Keywords:Multilayer perceptron; European hazelnut; Neural network model; Spectral band; Yield estimation
Abbreviations:MLP: Multilayer Perceptron; RMSE: Root Means Square Error; MAE: Mean Absolute Error; CBMA: Copula-Based Bayesian Model; NDVI: Normalized Difference Vegetation Index; EVI: Enhanced Vegetation Index; AVI: Advanced Vegetation Index; GNDVI: Green Normalized Difference Vegetation Index
Introduction
European hazelnut is one of the most important nut species worldwide Bozoğlu et al. [1] and has experienced sustained growth in recent years in Chile Ascari et al. [2], reaching 37,000 ha in 2022. Hazelnut consumption in the world is 750 to 850 thousand tons, destined to produce chocolates and confectionery An et al. [3]. This high demand explains the exponential growth of this fruit tree in Chile, due to the positioning of companies such as Ferrero in the country.

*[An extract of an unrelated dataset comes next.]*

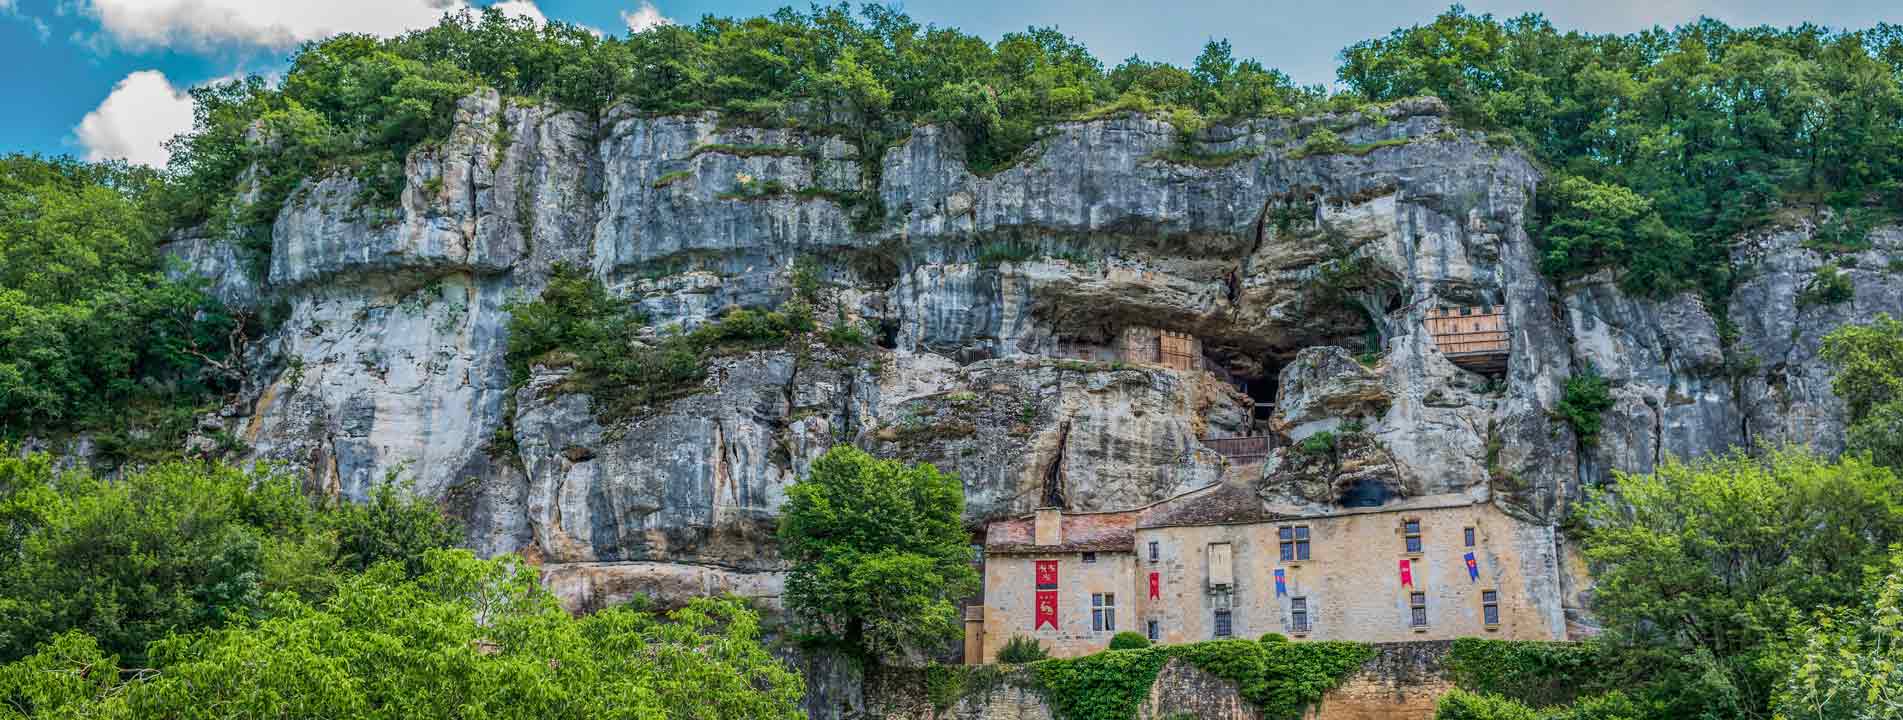 maison forte reignac monument historique dans la falaise dordogne

The hazelnut in temperate climates such as Chile, presents a range of yields that fluctuates between 2000 to 3500 kg per hectare Bozoğlu et al. [1]. This wide range of variation is due to a recurrent problem in hazelnuts, known as alternate bearing, with years of high production “ON” followed by years of low production “OFF” Ascari et al. [2]. This becomes a big problem because it is not possible to know what the expected yield is at the end of the season, generating many logistical problems during harvest Saavedra-Pérez et al. [4]. On the other hand, the temperate climates of the world have been negatively affected by climate change, generating significant changes on the behavior of phenological events in several species, including European hazelnut, causing a high variability of expected yields in this species Von Bennewitz et al. [5]; An et al. [3].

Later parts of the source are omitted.